Poor/non-existent technology

“We’ve always done it this way”

“What we’ve got works well enough for us”

“All this new-fangled technology. Nah, it’s not for us”

“But we like our current software/epos/whatever supplier”.

We’re humans, after all, so we do have a propensity to stick with what we know or find reasons not to change things. That’s very noble, but misses the point, because having the right technology isn’t about us, it’s about what the customer expects. Many restaurateurs fail to grasp that idea and are losing revenue and profit as a result. 

Taking reservations over the telephone with pen and paper does work very well, until things go missing. Then all hell breaks loose as orders go astray, diners arrive unannounced and tempers get frayed. Customers will only tolerate such things as characterful of the restaurant for so long, before deciding that quaint and slightly idiosyncratic restaurant ways are just a hair’s breadth from being downright rubbish. 

There’s another key point here, too: you may not be a great internet user; you may not like or use social media; you may not own a smartphone and you may live your personal life in a terrestrial, non-digital world as far from technology as possible. You know what? That’s absolutely fine for you personally, outside of your business - sometimes it is great to just ignore all that stuff. But when it comes to the business, you absolutely must recognise that customers do use all of these methods day to day and expect your restaurant to, too. 

Our Business Development Manager, Ian, often comes across restaurant owners who say things like “no, we don’t want any of that new technology. If customers don’t like it, they can lump it”. Ian is a polite guy but it’s on the tip of his tongue to say “would you take the same attitude if we were talking about, say, dishes being cooked properly?”. He doesn’t say that, of course, but the principle is the same. Customers absolutely expect certain things, and in 2022 they vehemently expect online booking, digital menus, order-at-table and pay-at-table at the very least.
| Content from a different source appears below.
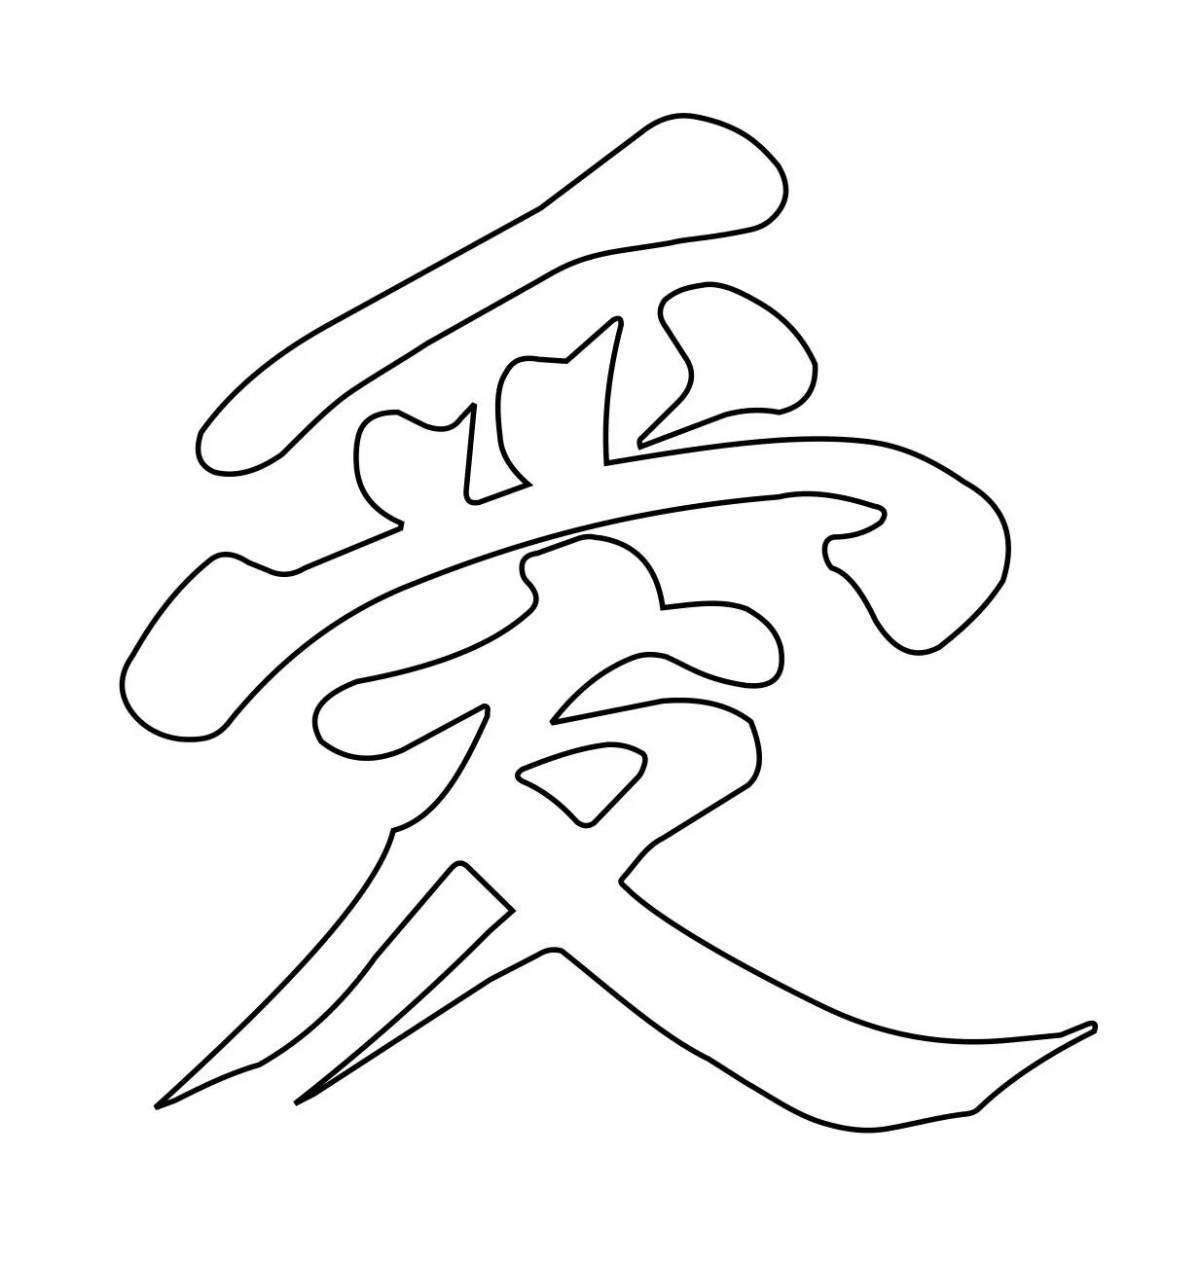 Chinese character coloring page fun
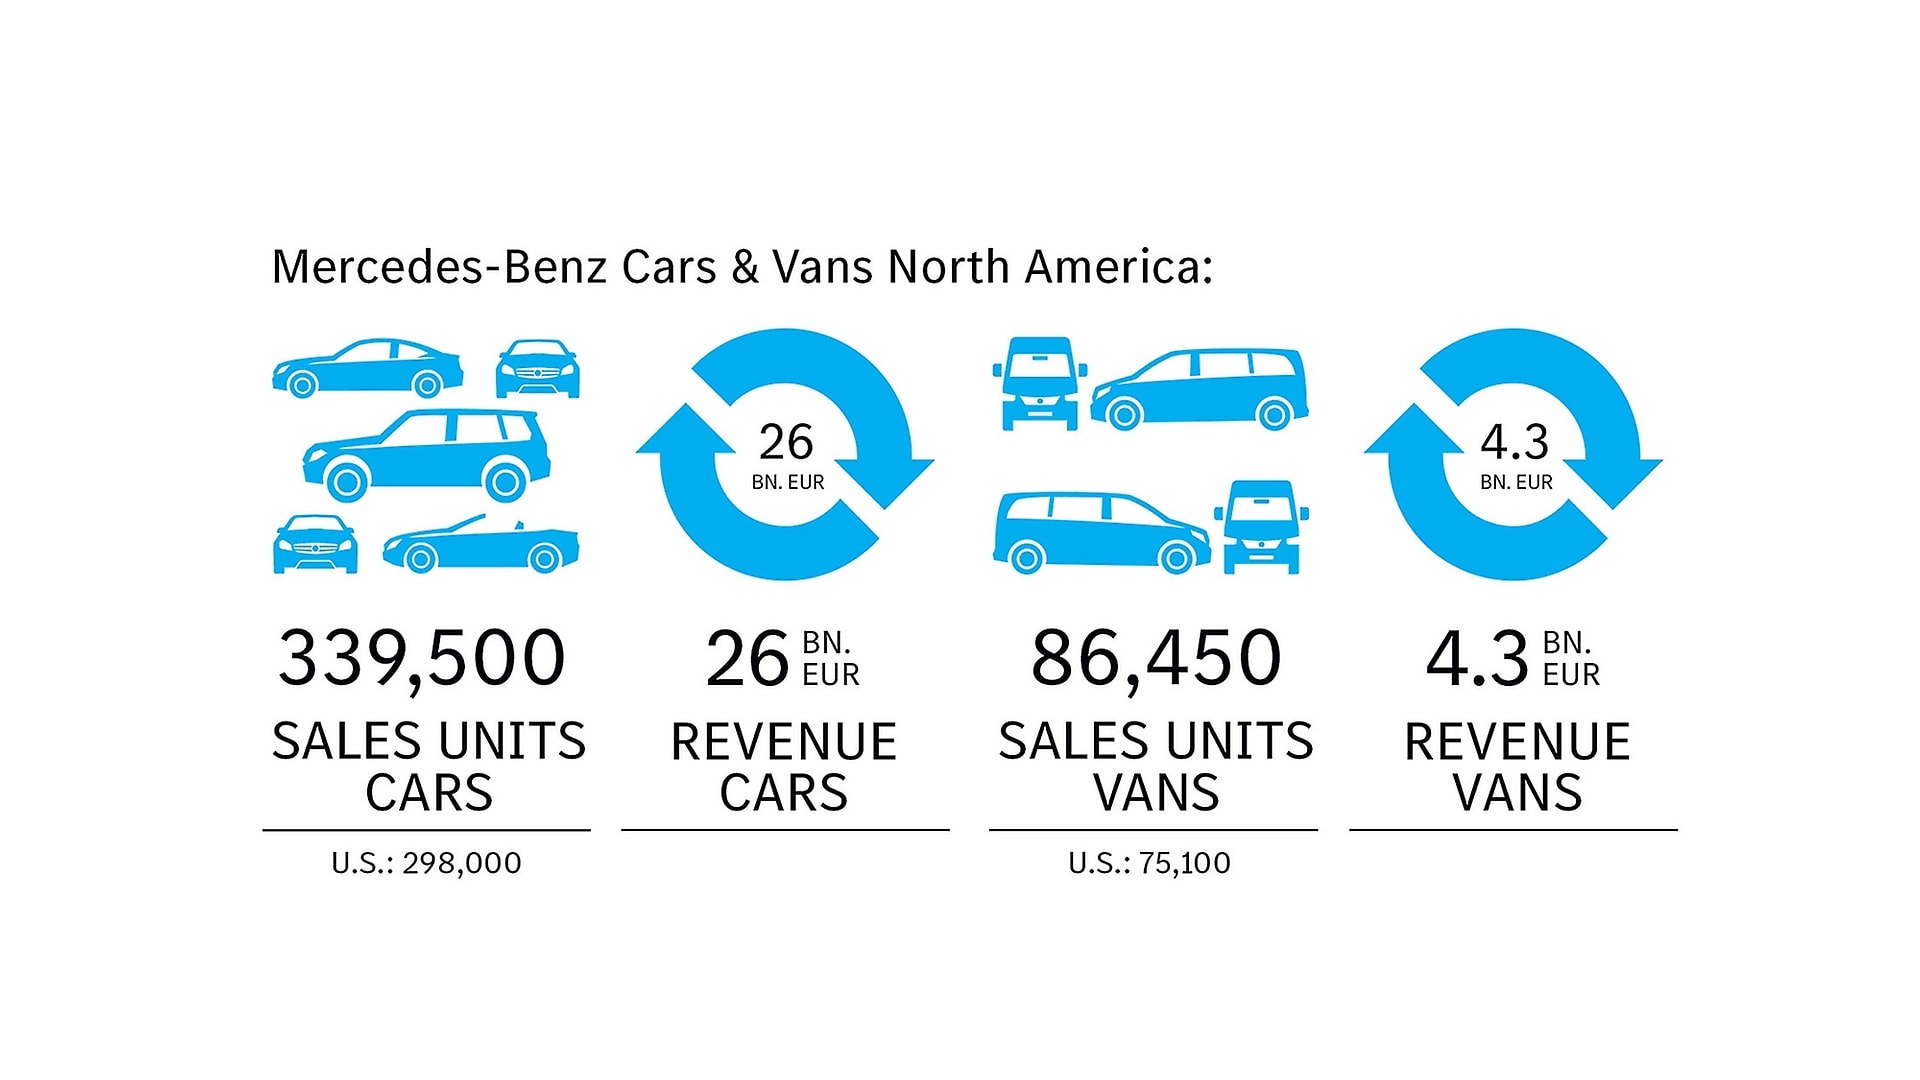 Mercedes-Benz Cars & Vans²; 3 production locations in North America

Don’t lose customers and their contribution to your bottom line because of your personal attitudes towards technology. 

Poor pricing strategies

We talked about pricing in our last blog but it well worth mentioning it again. Put simply, what restaurants charge their customers has to “add up” - restaurateurs must know their numbers. There’s no quicker way to reduce profit than to sell something for less than it costs to produce it. 

We won’t go into it again here, but if restaurateurs find themselves thinking about pricing and coming out with any of the following lines, it is probably time to rip up the menu and start again:

“We’ve always charged that”

“We can’t charge more because the customers won’t like it”

“Ah, well, that dish didn’t really cost us anything because…”

“Yes, we lose on that dish but it is ok because…”

Wrapping up

We hope you have enjoyed our slightly light-hearted look at a few reasons restaurants might be missing out on profit. We’ve chosen these topics to demonstrate how little things can add up to big things when it comes to generating surpluses right across the business, and they are presented here just to get the creative juices flowing. 

If restaurant owners seize upon just one of these areas and make savings, get better staff performance, generate more customers or produce more effective pricing, they’ll be onto a P&L winner.